However, despite Lockheed’s clear low-observable chops, the incredible cost overruns associated with both the F-22 and F-35 may ultimately hurt the firm’s chances at securing yet another advanced fighter contract. And the Air Force’s concerns about ensuring the nation’s prime contractors remain funded to continue competition may also encourage Air Force officials and lawmakers to look elsewhere for America’s next stealth fighter.
While Lockheed Martin may be the global leader in fielding stealth fighters, it’s not the only company with extensive experience in the realm of low-observable aviation. Northrop Grumman, the firm responsible for the world’s first heavy payload stealth bomber, the B-2 Spirit, as well as its forthcoming replacement, the B-21 Raider, also has its hand in the NGAD ring.
Despite Northrop Grumman’s stealth bomber successes, the company also has an impressive stealth fighter pedigree. Their entree into the Advanced Tactical Fighter competition back in 1991 — the YF-23 — has achieved near-mythical status in the aviation community in the years since the competition. According to many accounts, the YF-23 was able to match or even surpass the YF-22’s capabilities during the fly-off, but confidence in Northrop’s ability to deliver on time and on budget was extremely low at the time, due to a slew of high-profile controversies in the years prior.
As a result of the YF-23’s solid performance during the competition, the aircraft is often seen as one of aviation’s greatest what-ifs, despite the incredible performance ultimately provided by the Raptor.

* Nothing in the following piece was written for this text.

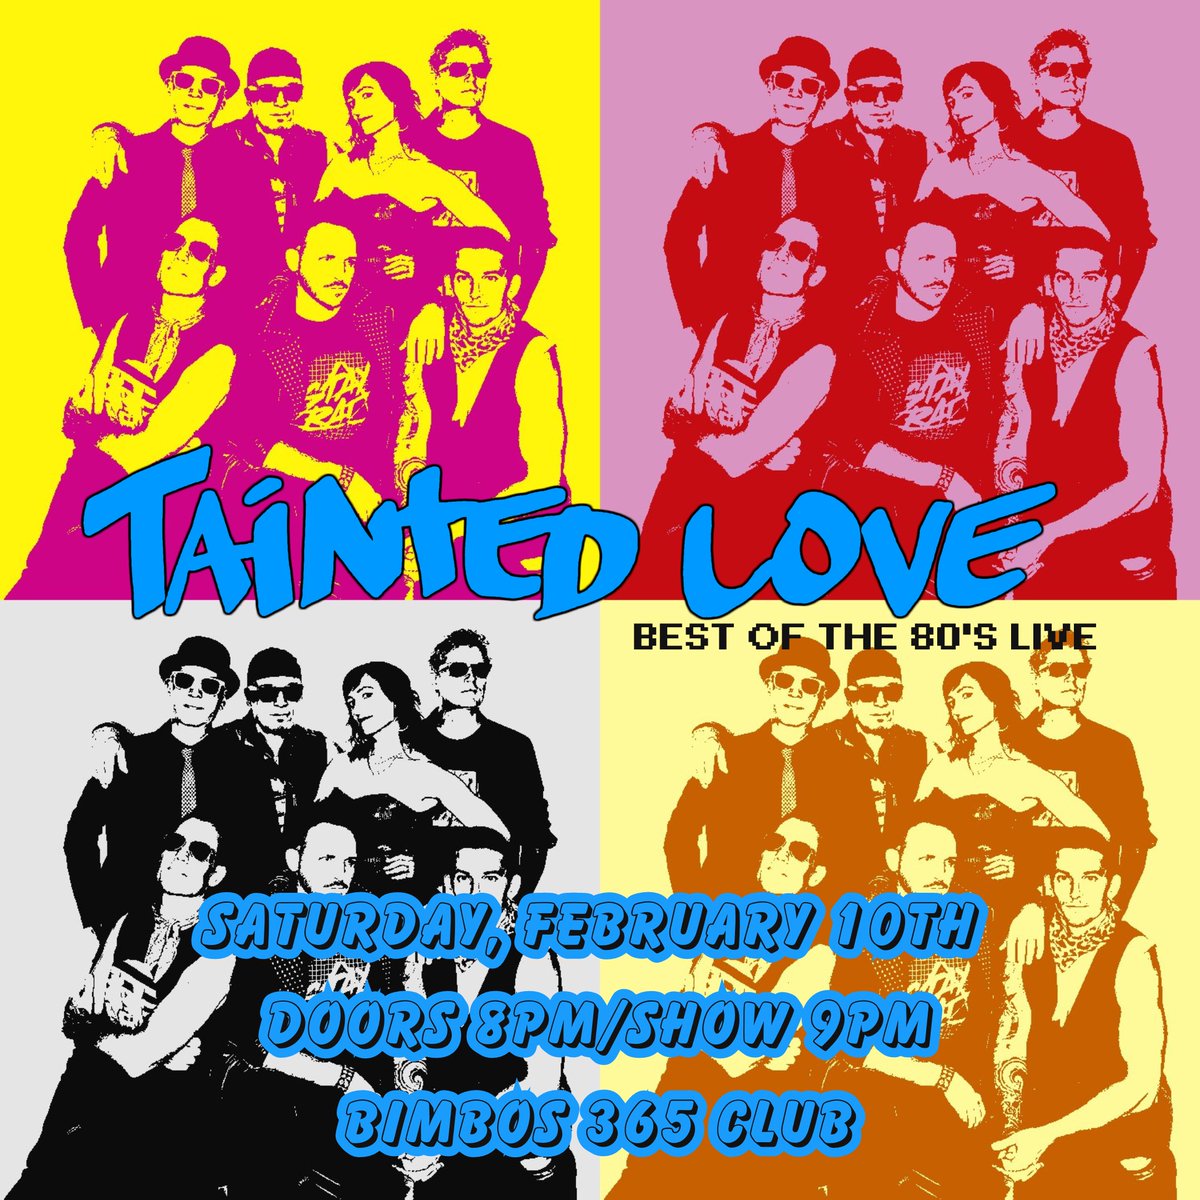 JUST ANNOUNCED!! Tainted Love returns on Saturday, February 10th for another iconic performance! Grab your tickets NOW at the link in bio for a chance to dance the night away!
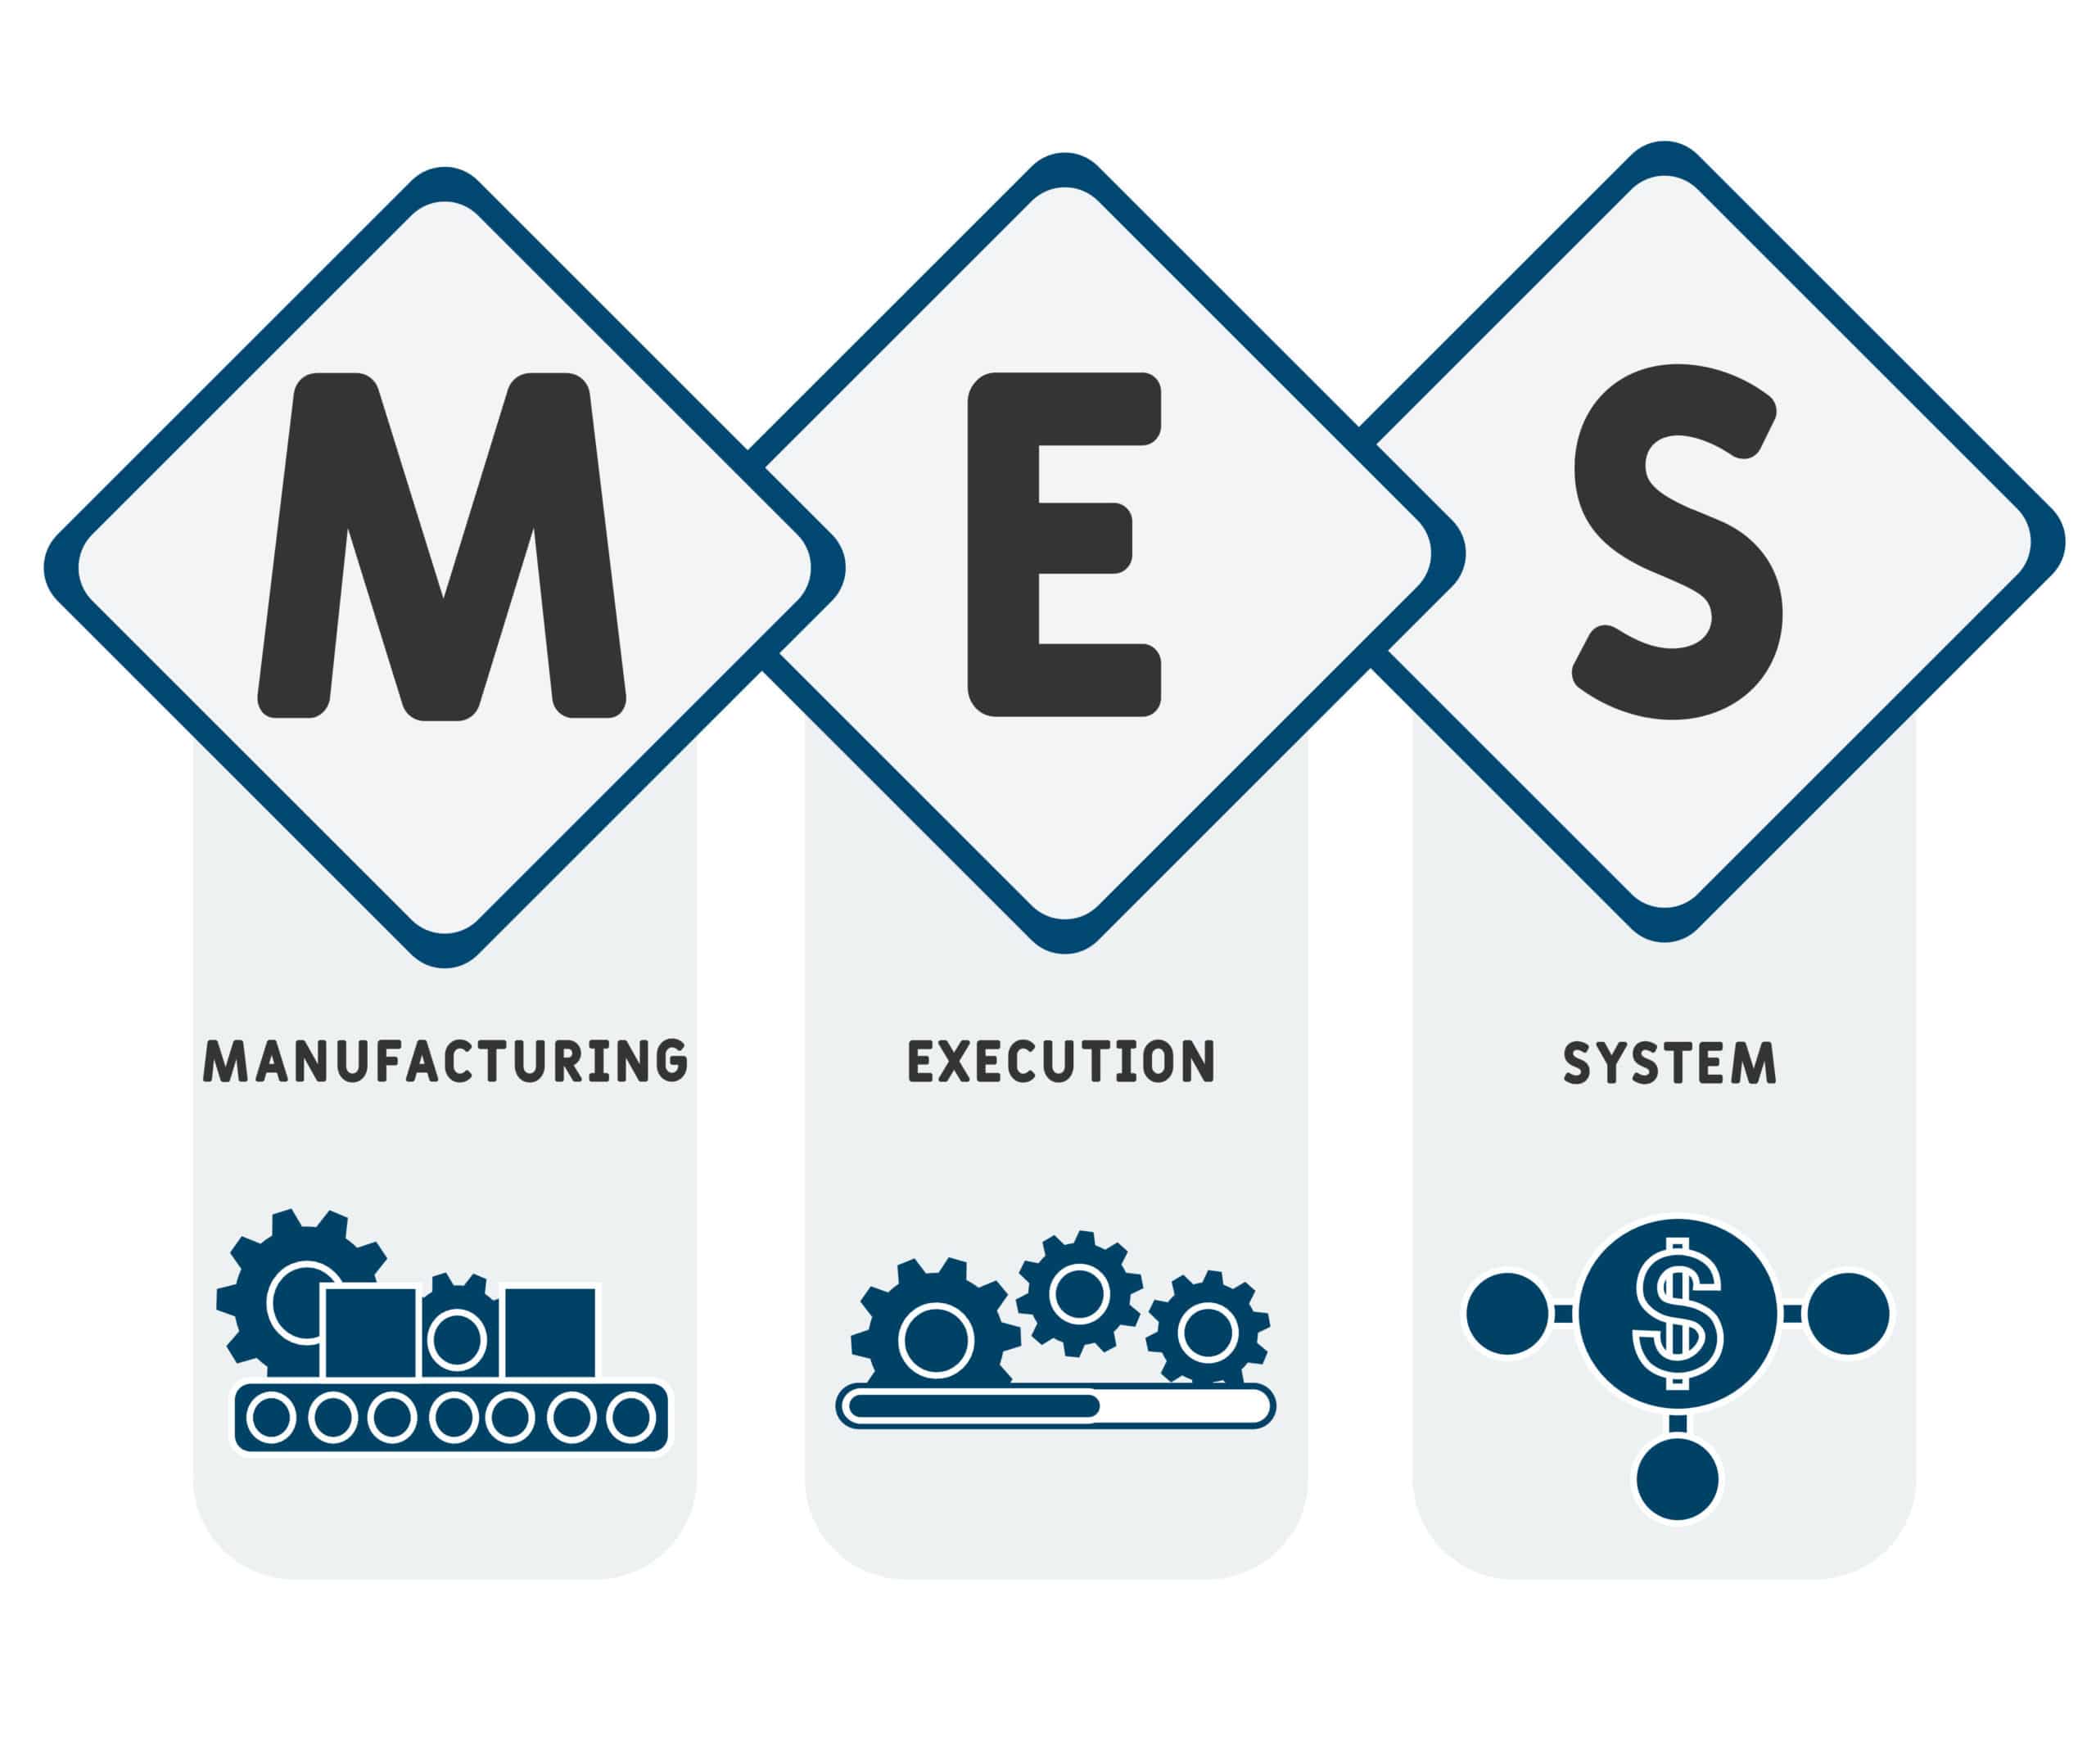 Diagram illustrating the concept of Manufacturing Execution Systems (MES) with three sections labeled 'Manufacturing,' 'Execution,' and 'System.' Each section features an icon: a conveyor belt with machinery, gears in operation, and a connected system symbol with a dollar sign, respectively, representing the integration and efficiency of MES in manufacturing processes.

Northrop Grumman has also been hinting at its interest in fielding a new stealth fighter over the years as well. In 2016, The company released an ad during the Super Bowl that showed new renders of a tailless stealth fighter design, alongside a bevy of other advanced aircraft concepts.
In 2021, Northrop Grumman released another advertisement showing renders of new aircraft concepts, this time including a different and very unusual aircraft design shown sitting in a hangar. This render also led many to speculate that Northrop wasn’t just making art for art’s sake but may have actually been showing us a glimpse of their own 6th generation fighter concept. In a new slew of ads released just this year, Northrop has shown this same aircraft again with a few more angles.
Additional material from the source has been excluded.